WORK INSTRUCTIONS → Wherever pictures appear in the listing below, leave them out, and copy exactly, and only, everything from the line with "Stoker Ostler advisors standing as a group" down to the line with "Báo cáo tỉ lệ".

MATERIAL FOR THIS EXERCISE →
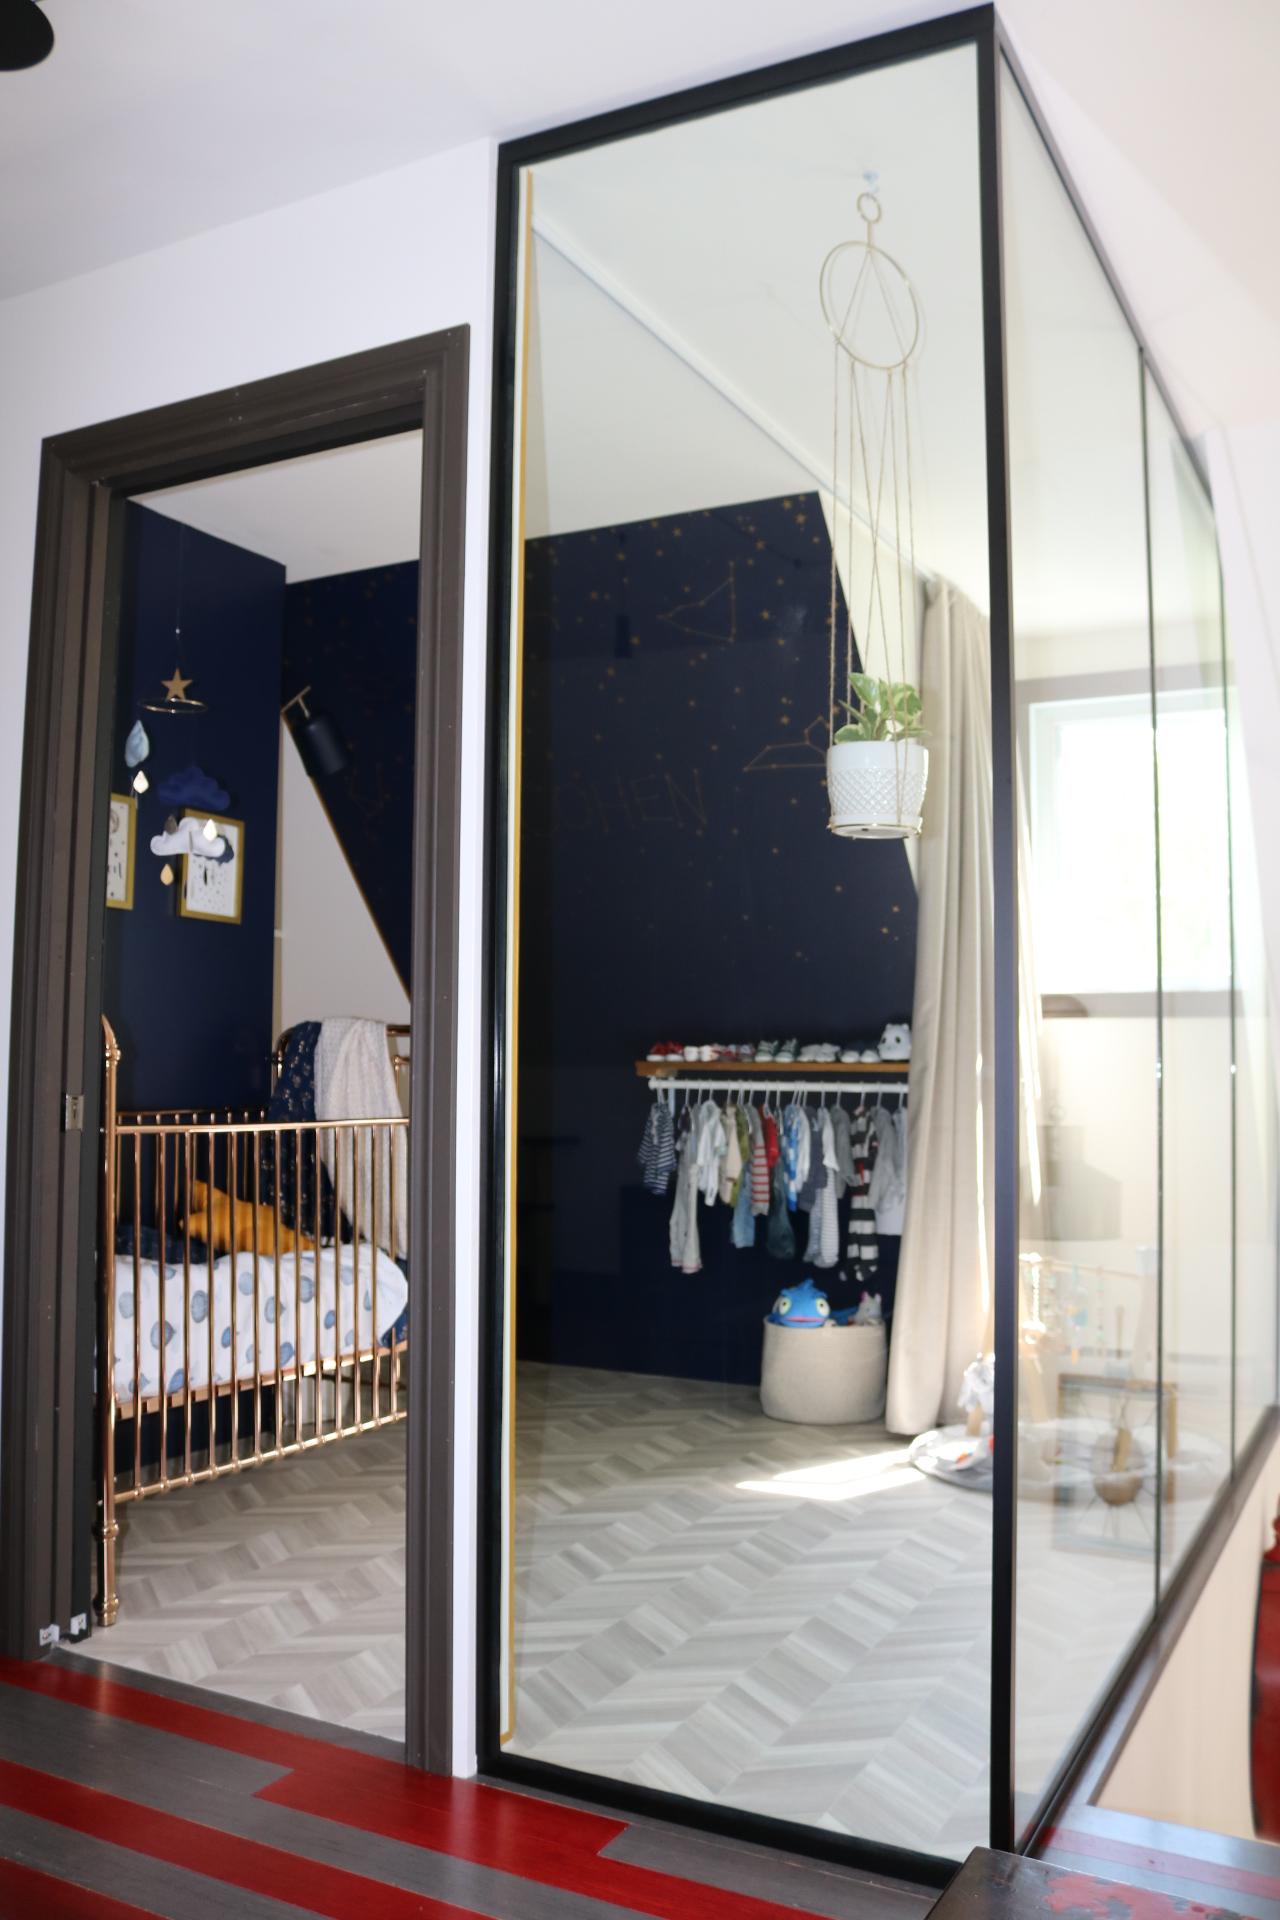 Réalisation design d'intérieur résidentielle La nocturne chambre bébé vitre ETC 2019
...
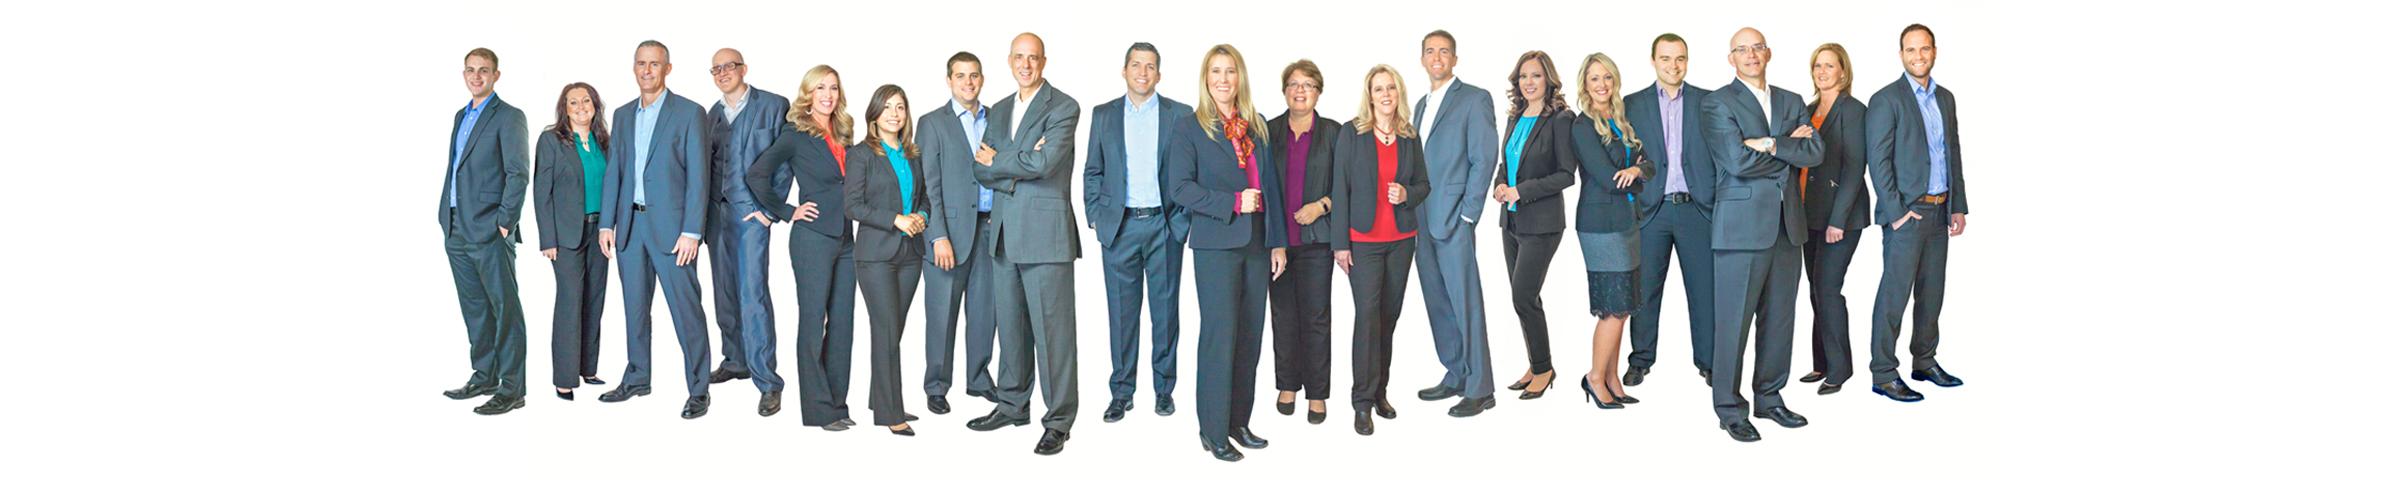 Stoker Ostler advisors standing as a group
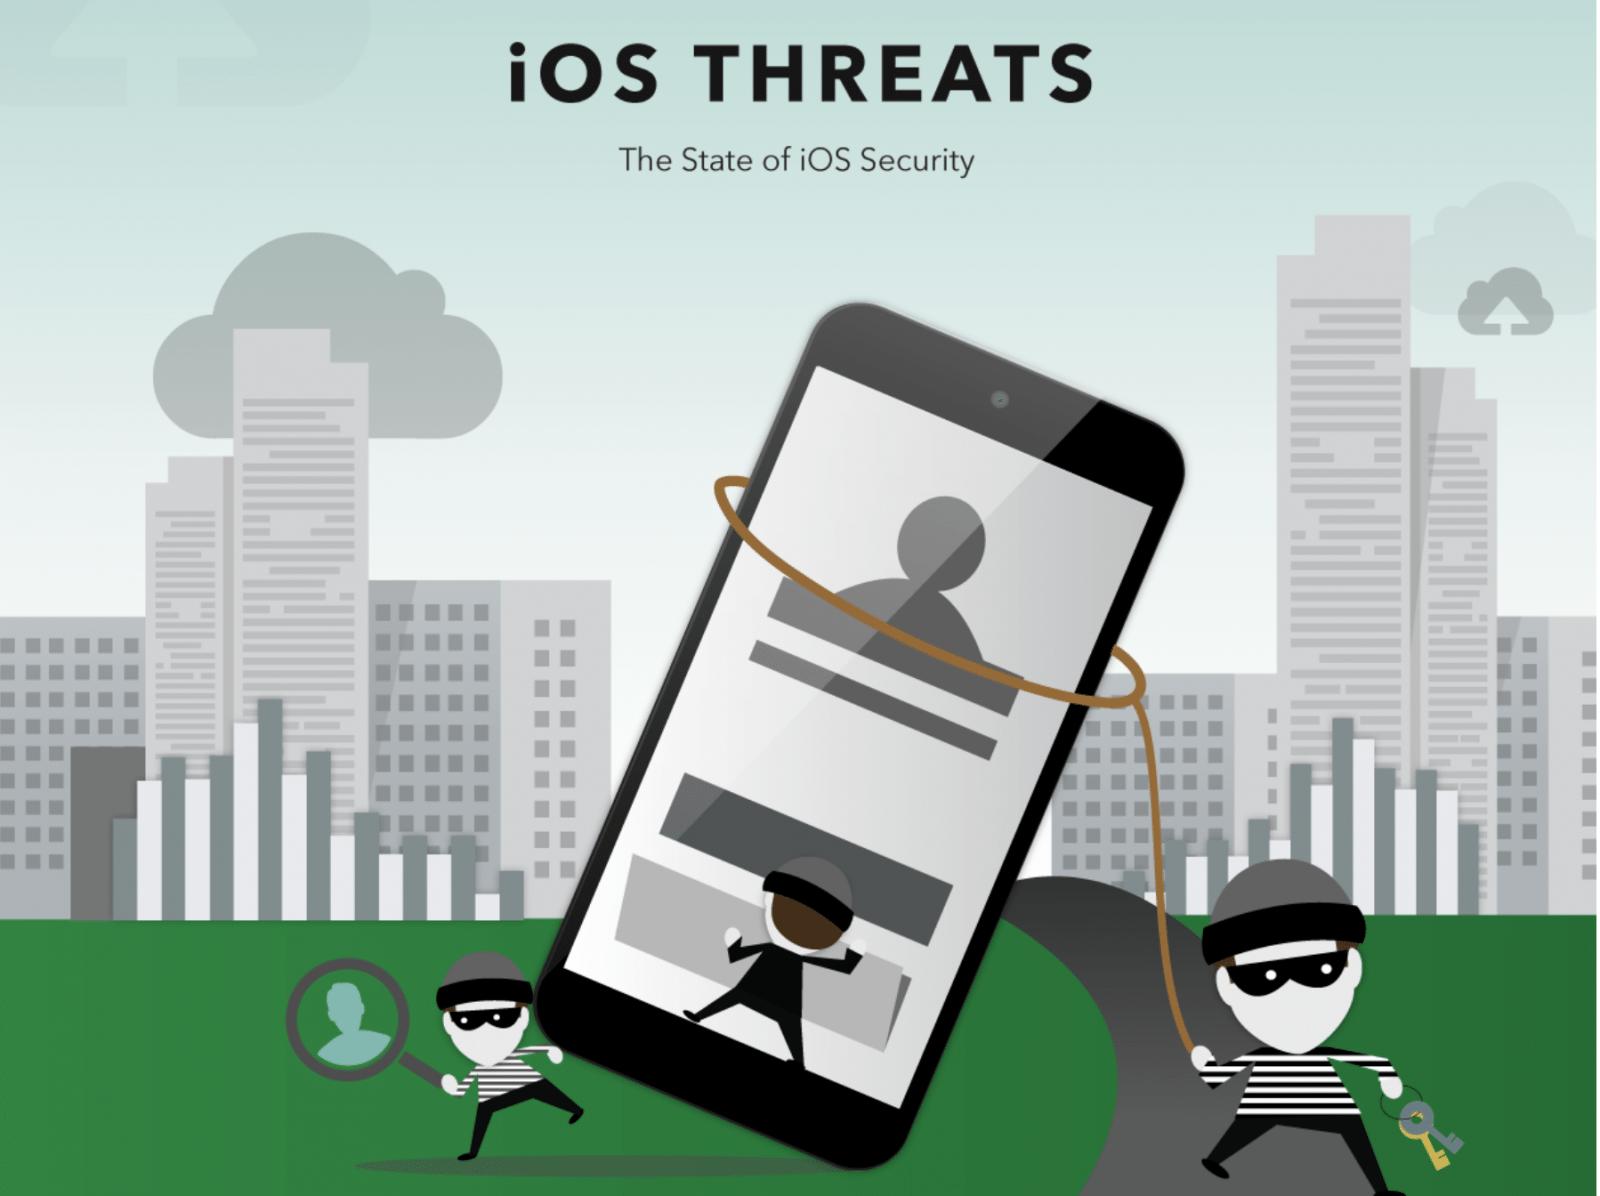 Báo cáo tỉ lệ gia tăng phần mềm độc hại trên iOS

SOLUTION →
 Stoker Ostler advisors standing as a group
 Báo cáo tỉ lệ gia tăng phần mềm độc hại trên iOS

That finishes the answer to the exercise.